Desde o início que se percebe, ou antevê na obra deste cineasta uma força criadora gigantesca, requintadamente elaborada e surpreendente. O universo cerrado dos argumentos e a luz quase expressionista das primeiras longas-metragens apresentam um jovem herdeiro da tradição do “filme negro”, continuador de Fritz Lang ou Samuel Fuller. Ao longo do tempo nunca faltarão exemplos marcados por uma violência expressionista um pouco barroca, de uma certa teatralidade da morte. Veja-se o exemplo do assassínio de Quilty (Peter Sellers) em LOLITA, e os crimes de LARANJA MECÂNICA, onde esta teatralidade da morte se manifesta influenciada por uma certa expressão hebraica da Europa Central que acabou por marcar o cinema americano dos anos 30.
GUERRA
Sendo o exemplo mais acabado da estupidez humana, a guerra foi utilizada por todas as formas de arte permitindo-lhes alguns dos melhores momentos de expressão e identificação de muitos dos lados sombrios e escondidos no nosso subconsciente. Na obra de Kubrick a guerra ocupa um papel importante que se divide por alguns dos seus melhores momentos cinematográficos. Vamos encontrar o primeiro exemplo no ano de 1953 em FEAR AND DESIRE, episódio a um tempo sangrento e lúdico de uma guerra imaginária. Segue-se PATHS OF GLORY (1957), um dos mais surpreendentes, mais completos e mais brilhantes manifestos anti-guerra alguma vez conseguidos em cinema. A guerra volta a ser o tema escolhido no seu penúltimo trabalho em FULL METAL JACKET (1987), uma versão muito particular do conflito mais cinéfilo de que há memória, o do Vietname. Um filme muito estranho e ambíguo, ainda hoje difícil de entender.
São três situações onde a guerra em sentido estrito ocupa toda a narrativa.

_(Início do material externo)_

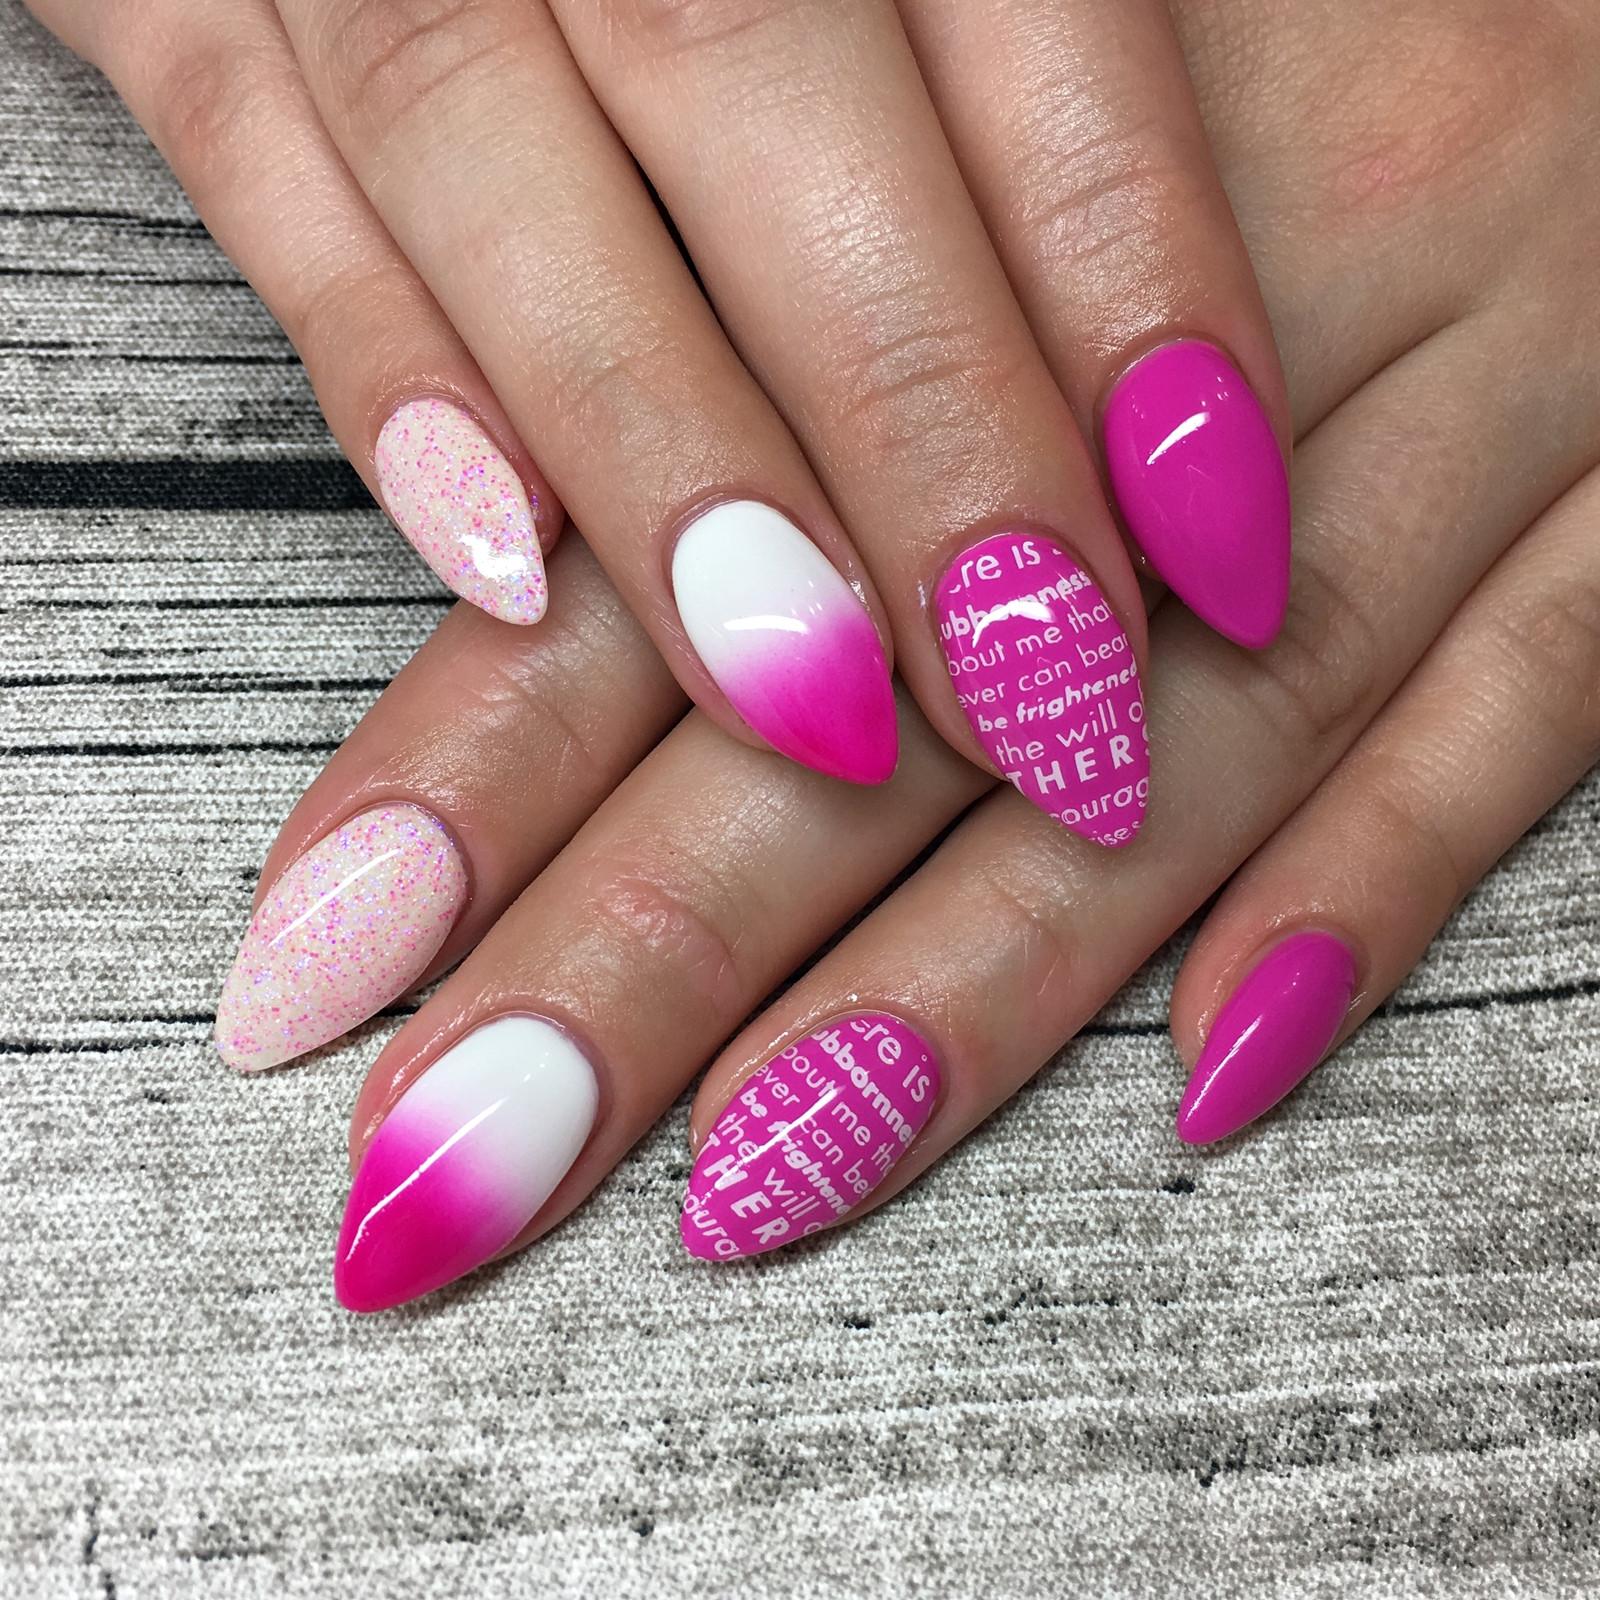 Nageldesign Schrift  Nail Art Inspiration 2 Fashionladyloves
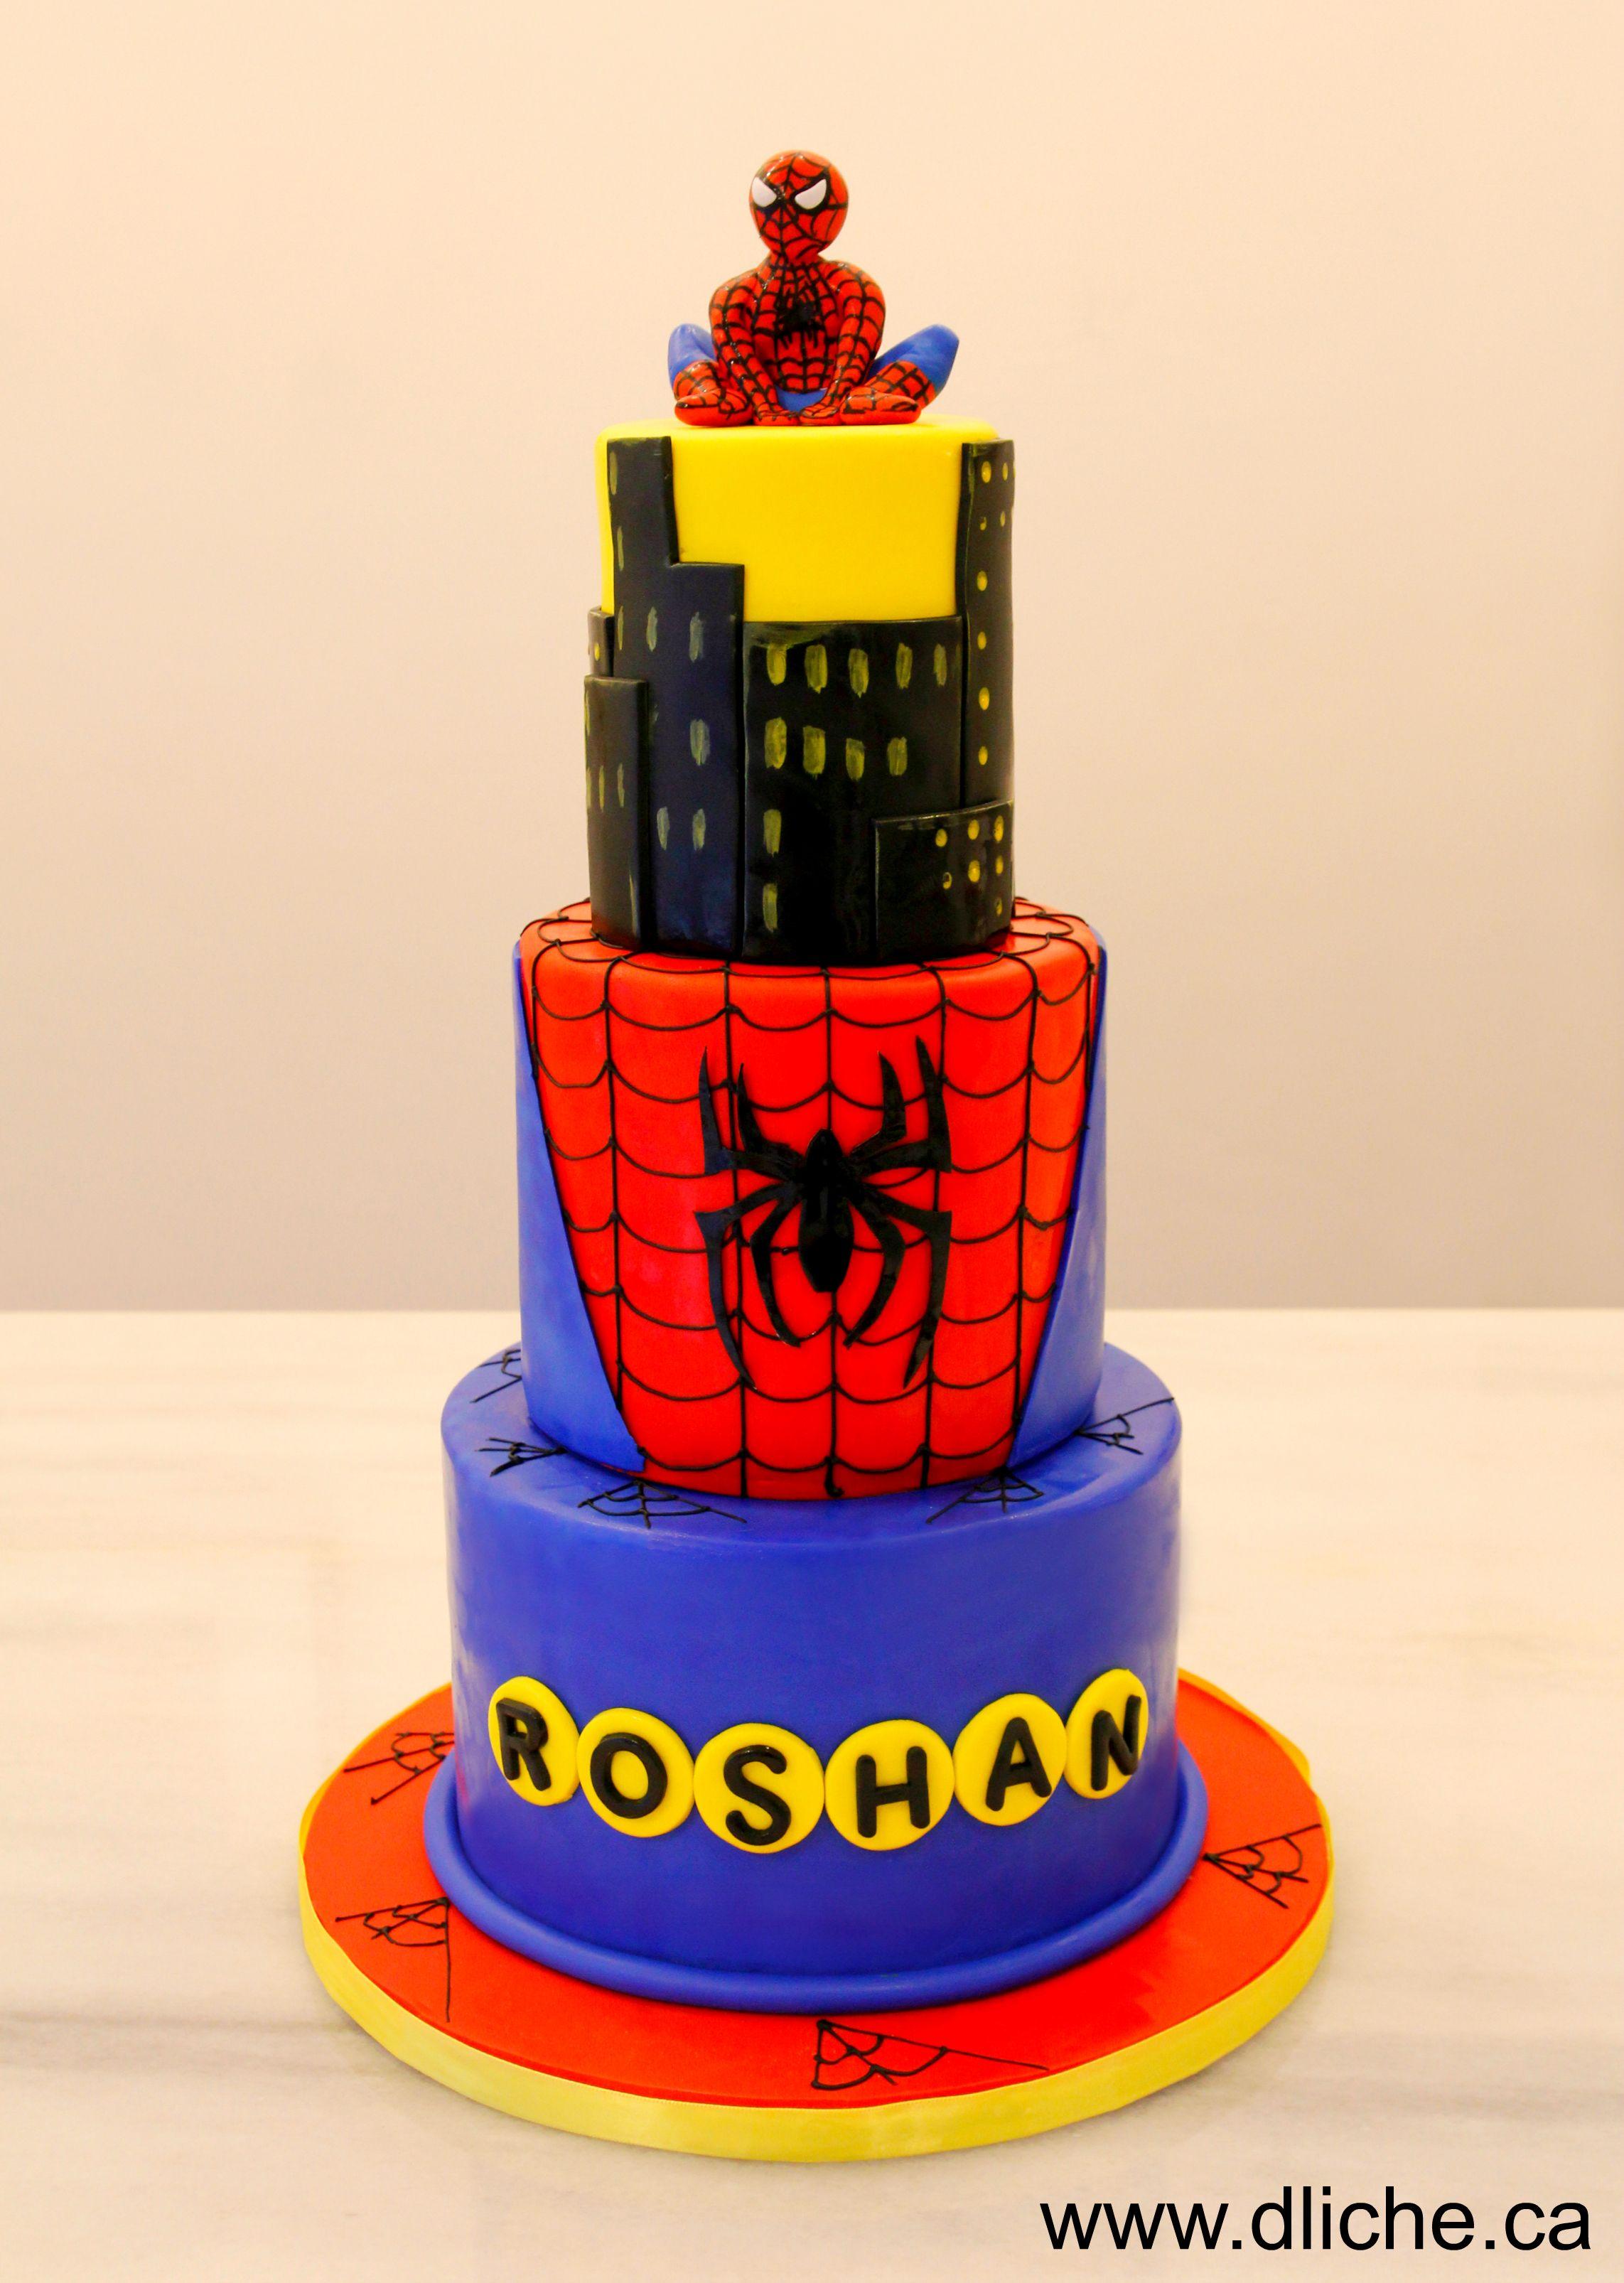 Spiderman surveille la ville ainsi que le gâteau!  Spiderman looks over the city and this cake!

Noutros casos continuaremos a encontrar a guerra, quer sob a forma de ausência, quer através da sátira (DR. STRANGELOVE, 1963), ou em breve passagem (BARRY LINDON, 1975). PATHS OF GLORY move-se no cenário das trincheiras da I Guerra Mundial, espaço de algumas das mais famosas manifestações de deserção num teatro de guerra, e amplia o absurdo imediato na leitura da situação, um absurdo ainda maior acerca do destino de três soldados do exército francês. Após a tentativa fracassada de alcançar um objectivo nas linhas alemãs, um general tem a brilhante ideia de tirar três nomes à sorte para serem fuzilados, servindo esse gesto de incentivo à melhoria da prestação dos seus camaradas. Absurdo é a palavra que acompanha o filme desde o início até à sua conclusão. Três homens são mortos, não pelo inimigo, mas por ordem e vontade do homem que os comanda. Ausência de qualquer tipo de racionalidade e a permanente proposta de ultraje desconcertante sobre o espectador combinam o distanciamento que Kubrick começa a ensaiar para mais tarde chegar a FULL METAL JACKET. Neste caso o cineasta desafia o espectador a experimentar certas variedades de desconforto, como se sentisse uma enorme incapacidade de transmitir o sentir absoluto do espírito de uma guerra. Como se a linguagem cinematográfica só por si fosse insuficiente, Kubrick subverte as regras do filme típico sobre a guerra. Afasta-se. Exibe os homens enquanto seres arrancados a si próprios e transformados em máquinas durante a recruta durante toda a primeira parte do filme. Imita o papel do sargento instrutor enquanto anula lentamente todos os requisitos civilizacionais. Qualquer discurso convencional, qualquer argumentação racional, qualquer noção de bom senso fica feita em tiras na presença dos episódios traumatizantes que compõem uma guerra.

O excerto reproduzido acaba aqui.